We have seen a crash on Windows:
# Internal Error (./src/hotspot/share/runtime/safepoint.cpp:894), pid=11412, tid=12932
# fatal error: Deadlock in safepoint code. Should have called back to the VM before blocking.
V [jvm.dll+0x247c64] report_fatal+0x64 (debug.cpp:268)
V [jvm.dll+0x65e30b] SafepointSynchronize::block+0x14b (safepoint.cpp:893)
V [jvm.dll+0x101d44] SafepointMechanism::block_if_requested+0x34 (safepointmechanism.inline.hpp:73)
V [jvm.dll+0x6f0d9a] JavaThread::check_safepoint_and_suspend_for_native_trans+0xca (thread.cpp:2508)
V [jvm.dll+0x5e3175] ObjectSampleCheckpoint::on_rotation+0xa5 (objectsamplecheckpoint.cpp:301)
V [jvm.dll+0x397694] JfrRecorderService::pre_safepoint_write+0x64 (jfrrecorderservice.cpp:428)

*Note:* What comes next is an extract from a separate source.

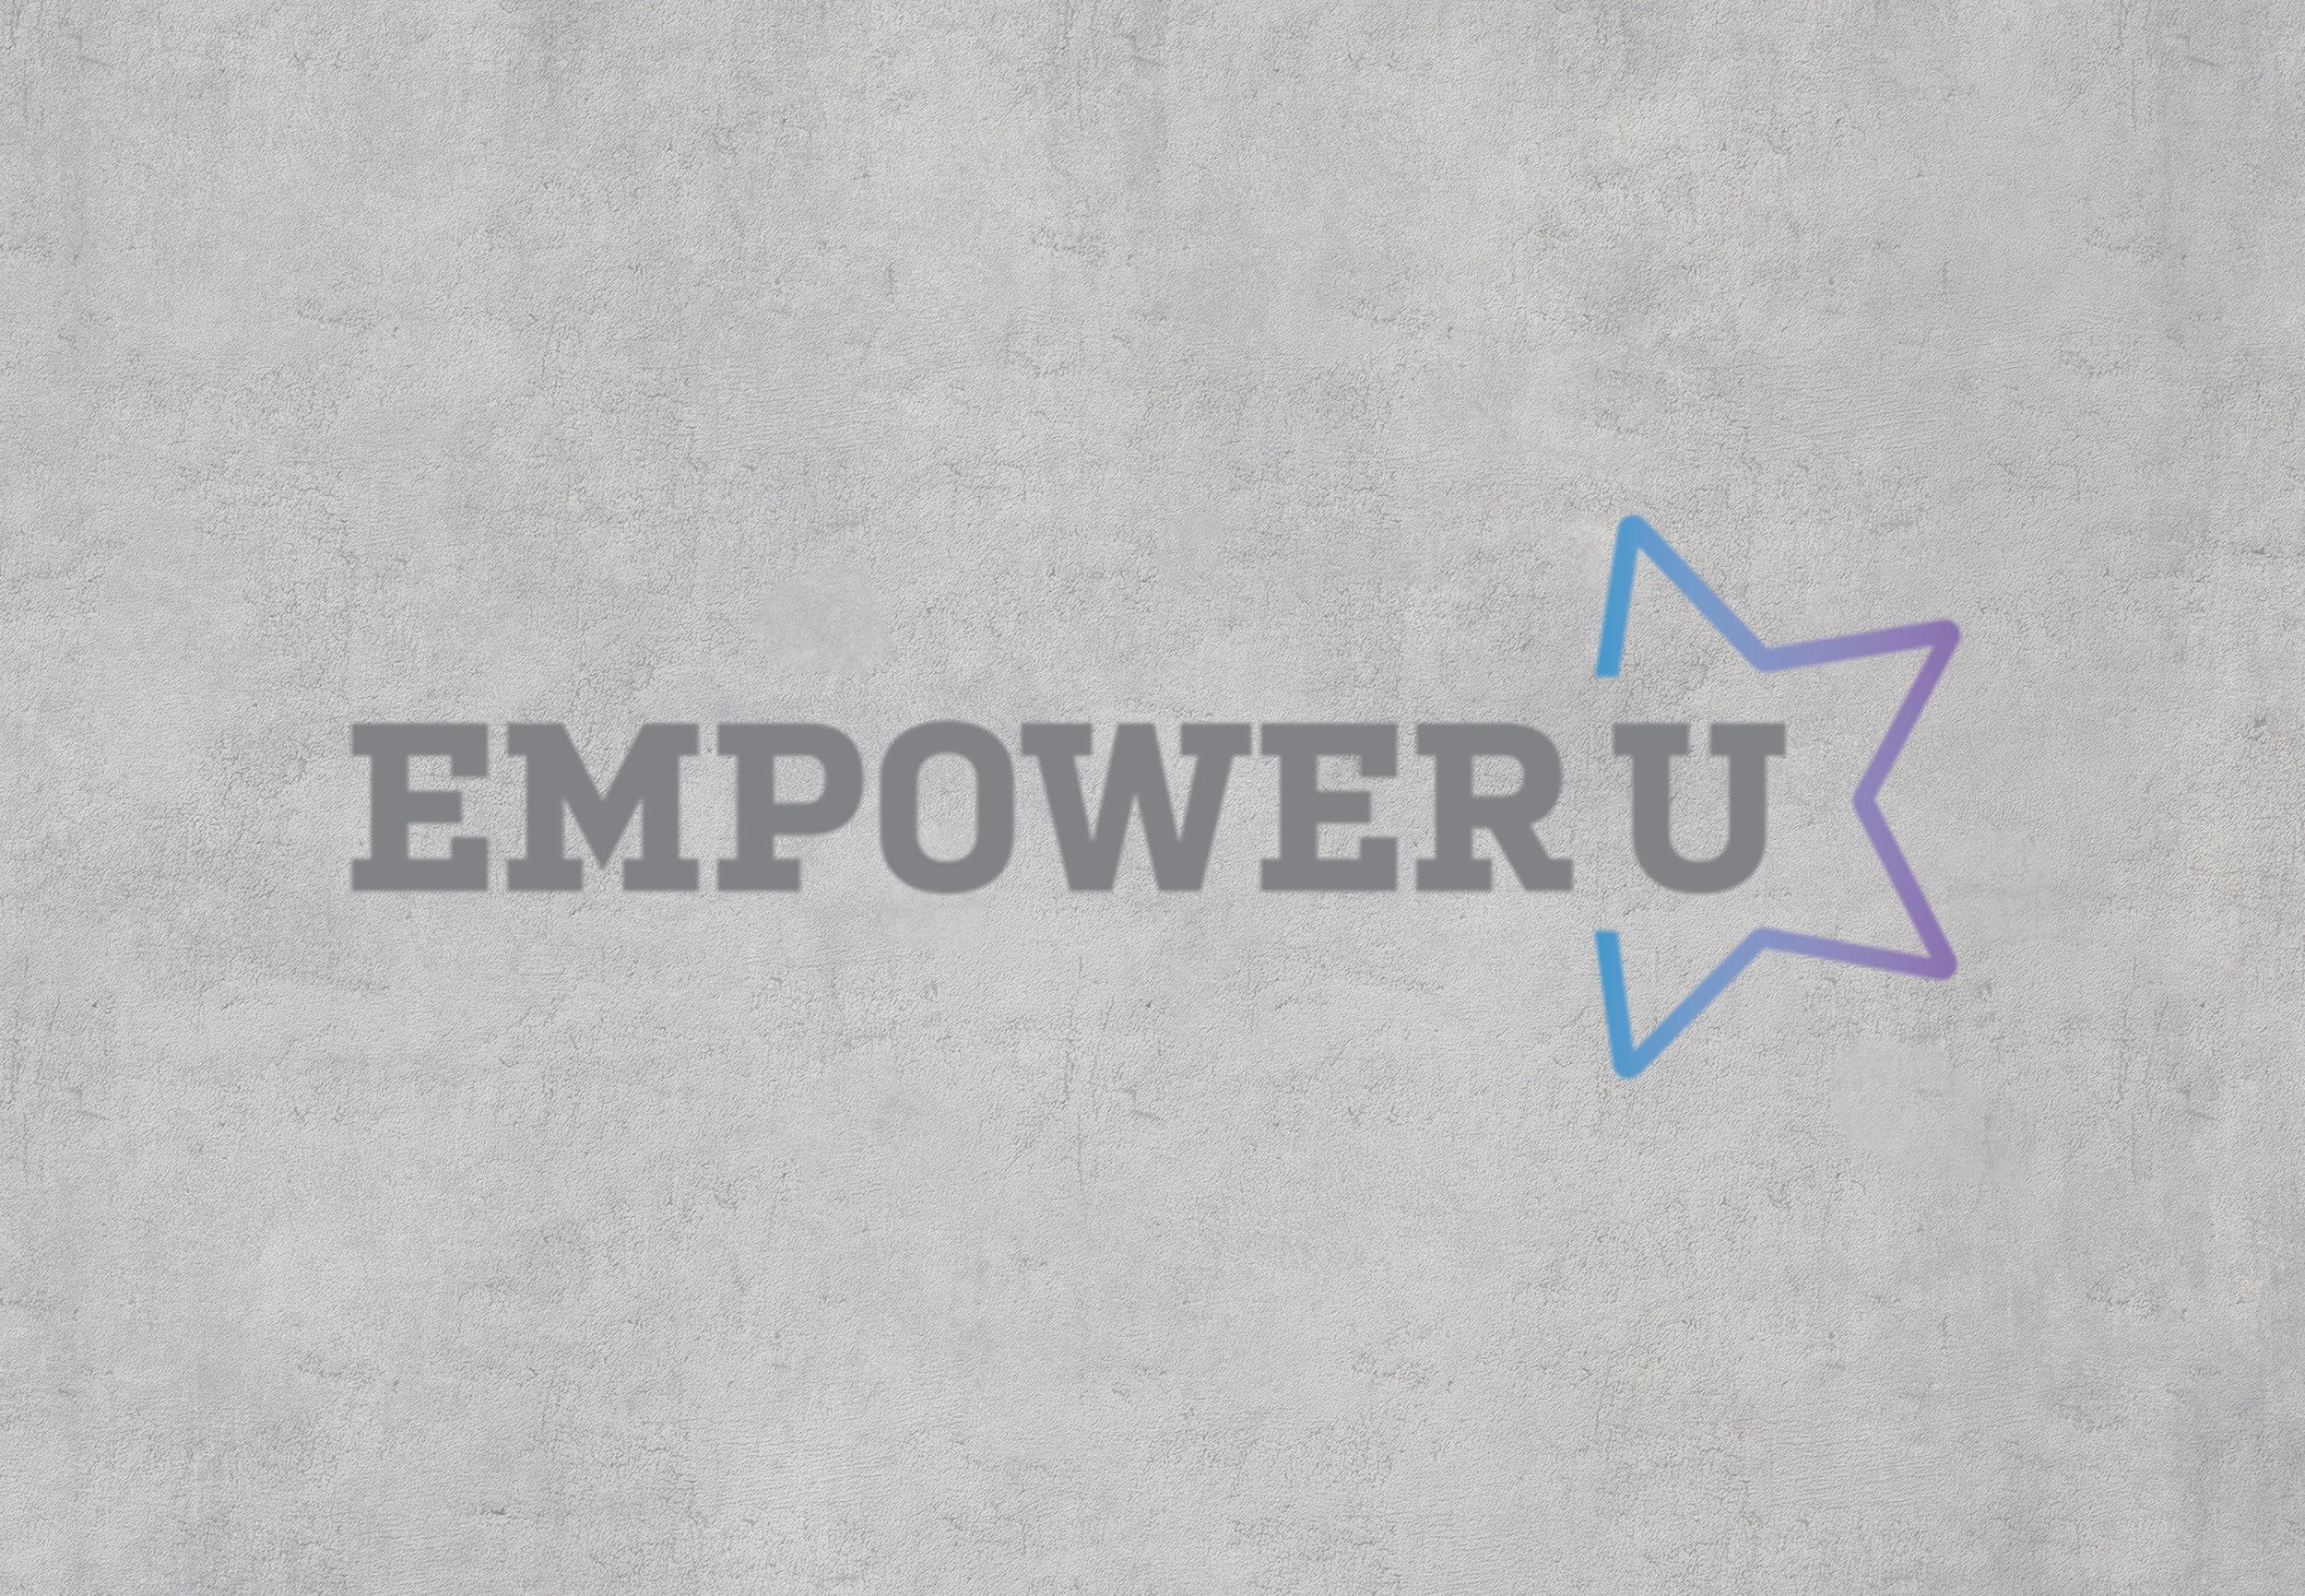 ScienceLogic EmpowerU Logo for Human Resources Department

V [jvm.dll+0x3978a4] JfrRecorderService::rotate+0x194 (jfrrecorderservice.cpp:325)
V [jvm.dll+0x398324] recorderthread_entry+0xd4 (jfrrecorderthreadloop.cpp:76)
V [jvm.dll+0x6f7649] JavaThread::run+0x139 (thread.cpp:1840)
V [jvm.dll+0x6f06b4] Thread::call_run+0x84 (thread.cpp:391)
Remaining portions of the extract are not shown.